Conduct fit and transform on X_train_full using PCA. (10 points)

In [18]:
from sklearn.decomposition import PCA

# fill in code here
pca = PCA(n_components=187)
X_train_reduced_full = pca.fit_transform(X_train_full)

Transform X_test using the PCA. (10 points)

In [19]:
# fill in code here
X_test_reduced = pca.transform(X_test)

Fill in the input_shape in the following code. (10 points)

In [20]:
from keras import models
from keras import layers

network = models.Sequential()
# fill in code
network.add(layers.Dense(64, activation='relu', input_shape=(187, )))
network.add(layers.Dense(10, activation='softmax'))

In [21]:
network.compile(optimizer='rmsprop',
                loss='categorical_crossentropy',
                metrics=['accuracy'])

In [22]:
X_train_reduced_full = X_train_reduced_full.astype('float32') / 255
X_test_reduced = X_test_reduced.astype('float32') / 255

In [23]:
from tensorflow.keras.utils import to_categorical

y_train_full = to_categorical(y_train_full)
y_test = to_categorical(y_test)

In [24]:
X_valid_reduced = X_train_reduced_full[:5000]
y_valid = y_train_full[:5000]
X_train_reduced = X_train_reduced_full[5000:]
y_train = y_train_full[5000:]

In [25]:
network.fit(X_train_reduced, y_train, validation_data=(X_valid_reduced, y_valid), epochs=20, batch_size=128)

Epoch 1/20


Epoch 2/20
Epoch 3/20
Epoch 4/20
Epoch 5/20
Epoch 6/20
Epoch 7/20
Epoch 8/20
Epoch 9/20
Epoch 10/20
Epoch 11/20
Epoch 12/20
Epoch 13/20
Epoch 14/20
Epoch 15/20
Epoch 16/20
Epoch 17/20
Epoch 18/20
Epoch 19/20
Epoch 20/20


<keras.src.callbacks.History at 0x203abfc3e90>

In [26]:
test_loss, test_acc = network.evaluate(X_test_reduced, y_test)



In [27]:
print('test_acc:', test_acc)

test_acc: 0.8822000026702881


Compare these two accuracy results and check whether we see anything surprising. (10 points)

The accuracy result ...

In [28]:
np.random.seed(42)
tf.random.set_seed(42)

Modify the code provided by this module and use RandomizedSearchCV to find a model that beats the previous accuracy results. (40 points)

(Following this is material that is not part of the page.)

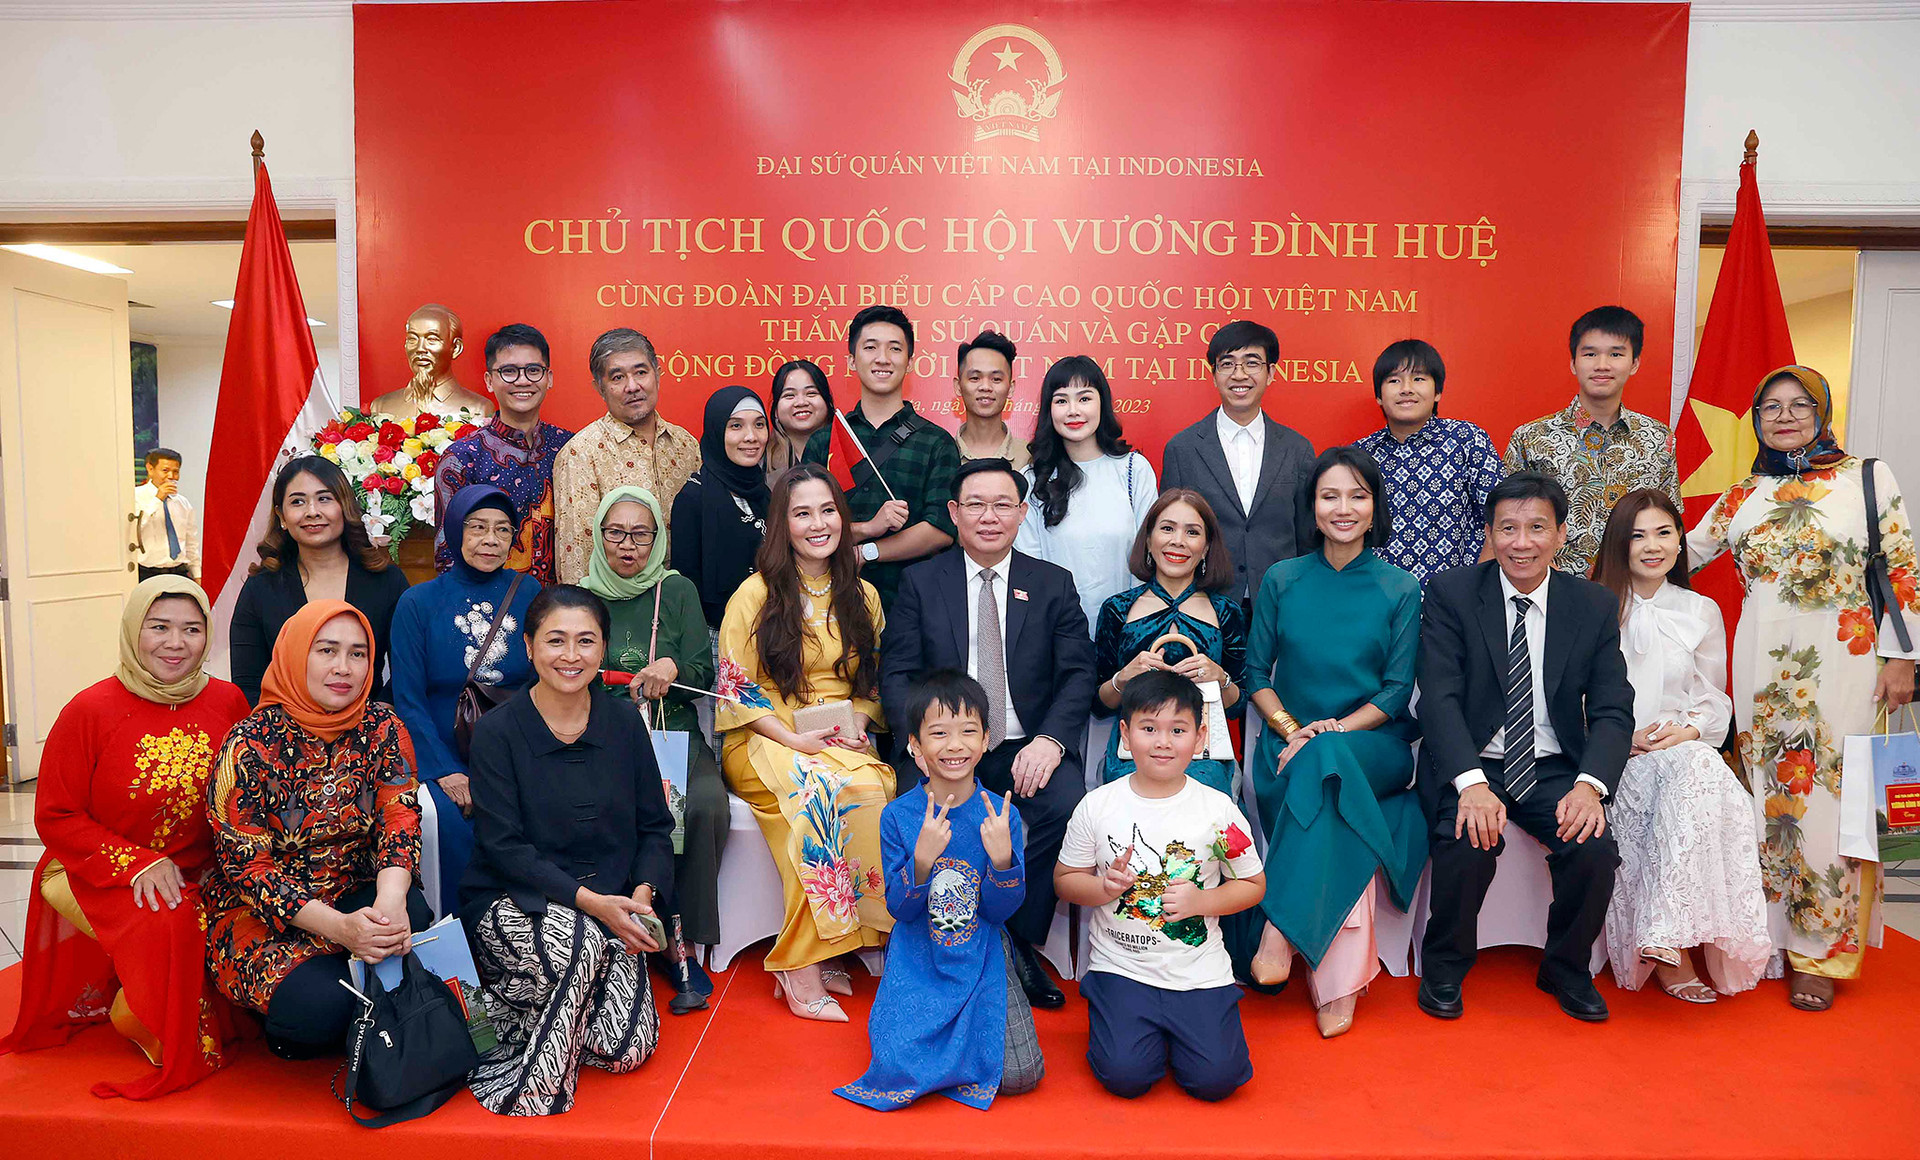 Chủ tịch Quốc hội Vương Đình Huệ: Phát huy vai trò cầu nối, đóng góp thiết thực cho quan hệ Việt Nam - Indonesia -7

Hint: you can speed up the search by using n_jobs = 1 in RandomizedSearchCV.

In [29]:
X_valid = X_train_reduced[:5000]
y_valid = y_train[:5000]
X_train = X_train_reduced[5000:]
y_train = y_train[5000:]

In [30]:
X_train.shape, X_valid.shape

((50000, 187), (5000, 187))

In [31]:
y_train.shape, y_valid.shape, y_test.shape

((50000, 10), (5000, 10), (10000, 10))

In [32]:
from tensorflow import keras

keras.backend.clear_session()
np.random.seed(42)
tf.random.set_seed(42)

In [33]:
def build_model(n_hidden=1, n_neurons=128, learning_rate=3e-3, input_shape=(X_train_reduced.shape[1],)):
    model = keras.models.Sequential()
    model.add(keras.layers.InputLayer(input_shape=input_shape))
    for layer in range(n_hidden):
        # fill in code
        model.add(keras.layers.Dense(n_neurons, activation="relu"))
    # fill in code
    model.add(layers.Dense(10, activation='softmax'))
    optimizer = keras.optimizers.SGD(learning_rate=learning_rate)
    model.compile(optimizer='rmsprop',
                  # fill in code
                loss='categorical_crossentropy',
                metrics=['accuracy'])

    return model

In [34]:
from tensorflow import keras
from sklearn.base import BaseEstimator, RegressorMixin

# Modify the KerasRegressorWrapper class to accept hyperparameters
class KerasRegressorWrapper(BaseEstimator, RegressorMixin):
    def __init__(self, n_hidden=1, n_neurons=200, learning_rate=1e-3):
        self.n_hidden = n_hidden
        self.n_neurons = n_neurons
        self.learning_rate = learning_rate

    def fit(self, X, y, **kwargs):
        self.model = build_model(self.n_hidden, self.n_neurons, self.learning_rate)
        self.model.fit(X, y, **kwargs)
        return self

    def predict(self, X):
        return self.model.predict(X)

# Create an instance of the KerasRegressorWrapper
keras_reg = KerasRegressorWrapper()


In [35]:
keras_reg.fit(X_train, y_train, epochs=100,
              # fill in code
              validation_data=(X_valid, y_valid),
              callbacks=[keras.callbacks.EarlyStopping(patience=10)])

Epoch 1/100


Epoch 2/100
Epoch 3/100
Epoch 4/100
Epoch 5/100
Epoch 6/100
Epoch 7/100
Epoch 8/100
Epoch 9/100
Epoch 10/100
Epoch 11/100
Epoch 12/100
Epoch 13/100
Epoch 14/100
Epoch 15/100


In [38]:
from scipy.stats import reciprocal
from sklearn.model_selection import RandomizedSearchCV

param_distribs = {
    # fill in code
    "n_hidden": [0, 1, 2],
    "n_neurons": np.arange( 1 , 400 ),

}

rnd_search_cv = RandomizedSearchCV(keras_reg, param_distribs, n_iter=20, cv=3, verbose=2, n_jobs=-1)
rnd_search_cv.fit(X_train, y_train, epochs=100,
                  # fill in code
                  validation_data=(X_valid, y_valid),
                  callbacks=[keras.callbacks.EarlyStopping(patience=10)])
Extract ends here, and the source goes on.